Writing a yield generator function based on a given task

这是代码的一部分,应该运行 以 1000 条记录为一组进行记录搜索:

  for subrange, batch in batched(records, size=1000):
      print("Processing records %d-%d" %
        (subrange[0], subrange[-1]))
      process(batch)

我需要为它写一个 yield 生成器函数,到目前为止,我试过这样:

def batched(records, chunk_size=1000):
    """Lazy function (generator) to read records piece by piece.
    Default chunk size: 1k."""
    while True:
        data = records.read(chunk_size)
        if not data:
            break
        yield data

问题陈述如下:

For optimal performance, records should be processed in batches.
Create a generator function "batched" that will yield batches of 1000
records at a time 

我也不太确定如何测试该功能,所以,有什么想法吗?

PS = batched 生成器函数应该在给定的 for subrange 循环之前。

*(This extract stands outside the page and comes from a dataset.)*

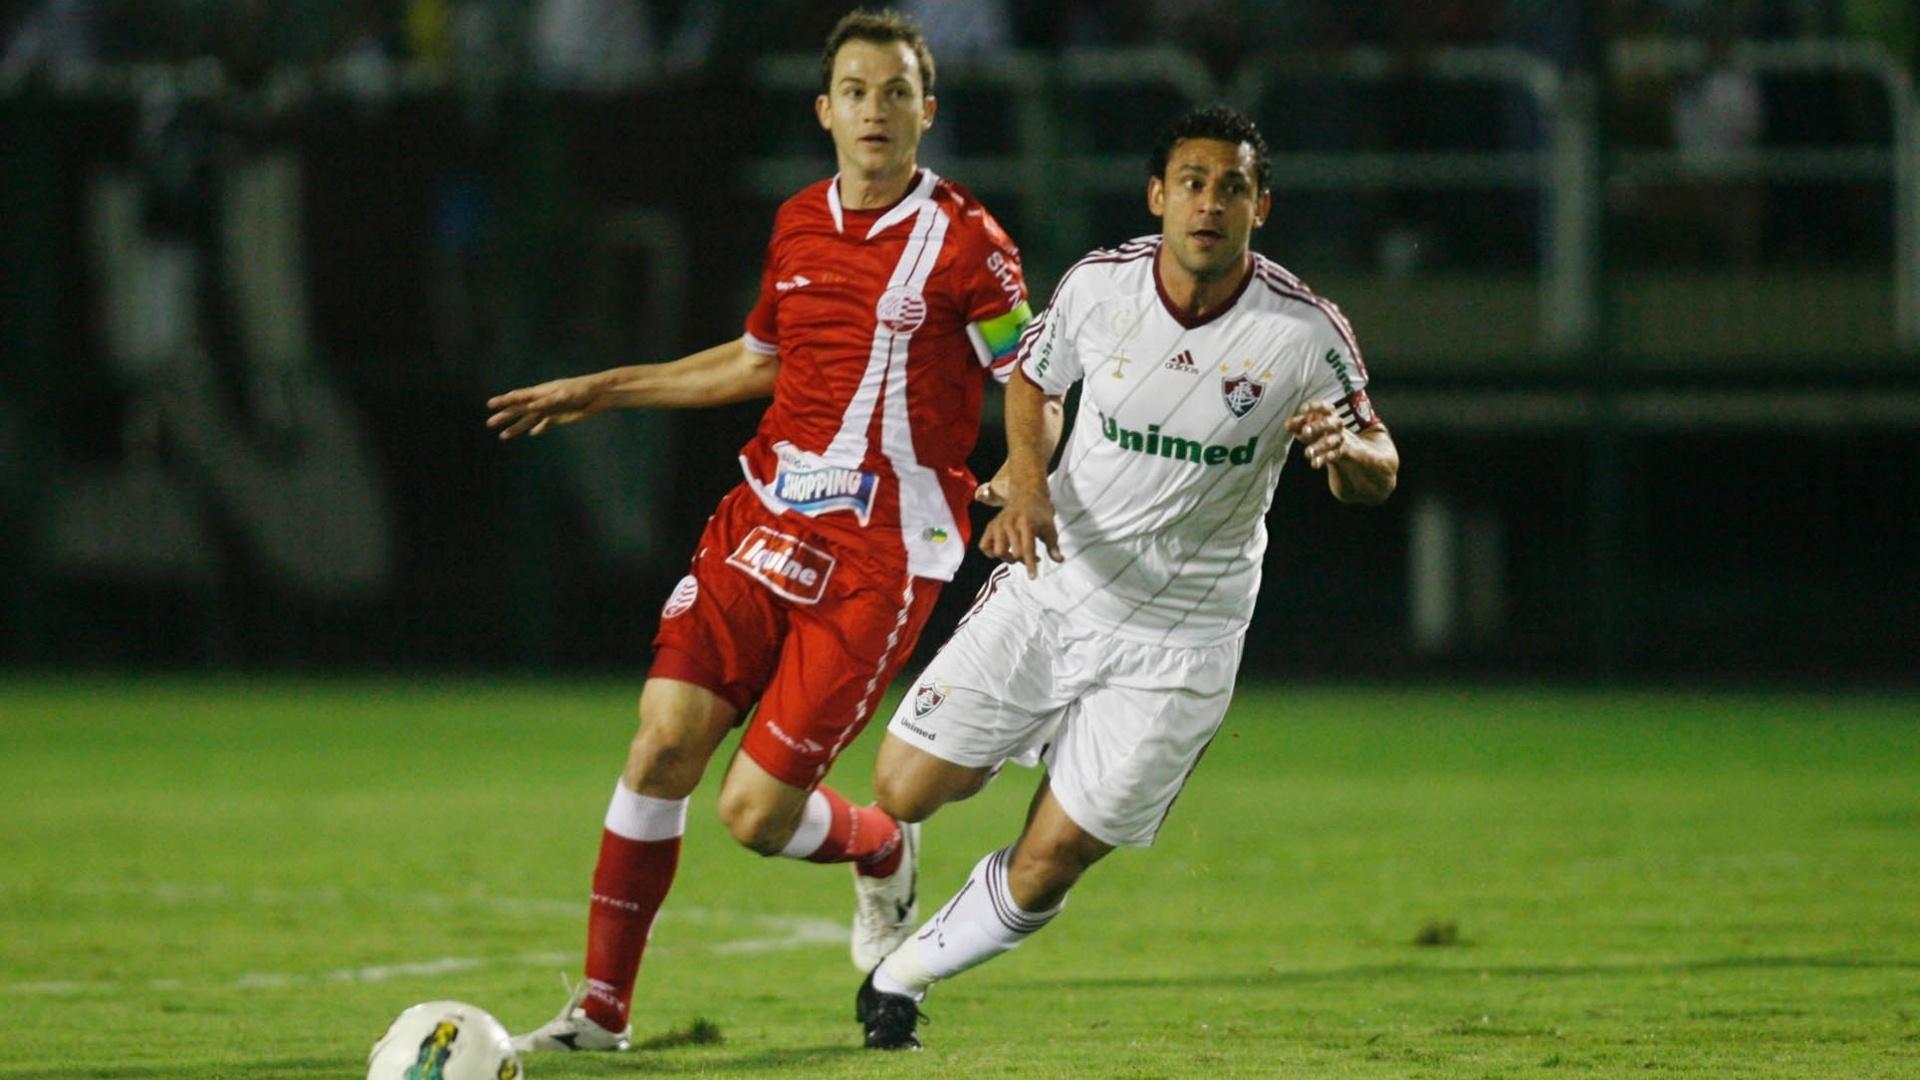 Fred é seguido de perto por Martinez na partida entre Fluminense e Náutico
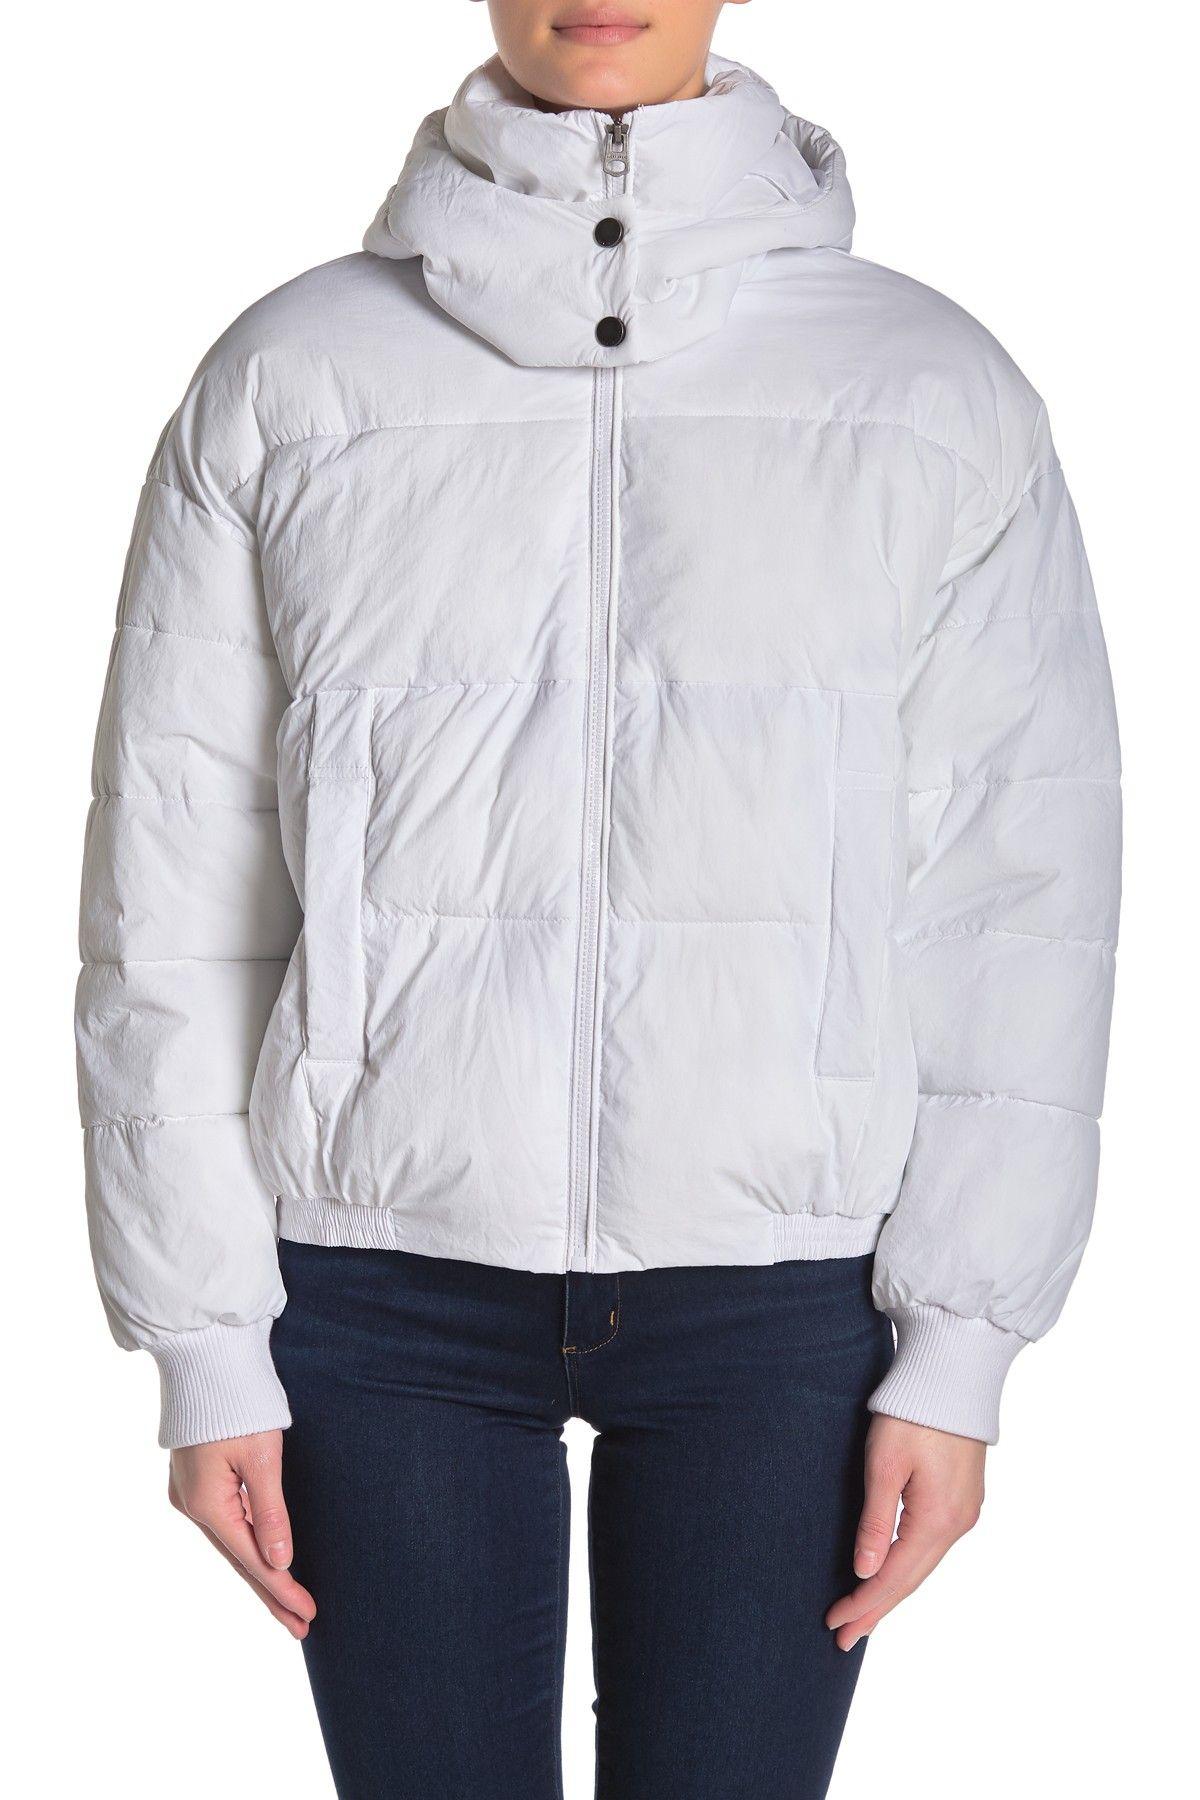 Lucky Brand Missy Short Puffer Jacket Nordstrom Rack Short Puffer Jacket Jackets Puffer Jackets [ 1800 x 1200 Pixel ]

def batched(records, chunk_size=1000):
    """Lazy function (generator) to read records piece by piece.
    Default chunk size: 1k."""
    pos = 0
    while True:
        data = records.read(chunk_size)
        if not data:
            break
        yield ([pos, pos + len(data)], data )
        pos += len(data)

您给定的循环代码

for subrange, batch in batched(records, size=1000):
    print("Processing records %d-%d" %
      (subrange[0], subrange[-1]))
    process(batch)

batched()有隐含要求:

  1. 它应该 return 一个可迭代的。这确实是由生成器函数实现的。
  2. 产生的项目应该是元组subrange, batch。子范围似乎是所有元素的索引列表,只是开始和结束索引的列表或元组,或者可能是 range() 对象。我会假设后者。

唉,我们对给出的 records 对象一无所知。如果它有一个 read() 功能,你的方法可以调整:

def batched(records, size=1000):
    """Generator function to read records piece by piece.
    Default chunk size: 1k."""
    index = 0
    while True:
        data = records.read(size)
        if not data:
            break
        yield range(index, index + len(data)), data
        index += len(data)

但是如果 records 只是一个应该被分解的列表,你可以这样做

def batched(records, size=1000):
    """Generator function to read records piece by piece.
    Default chunk size: 1k."""
    index = 0
    while True:
        data = records[index:index + size]
        if not data:
            break
        yield range(index, index + len(data)), data
        index += len(data)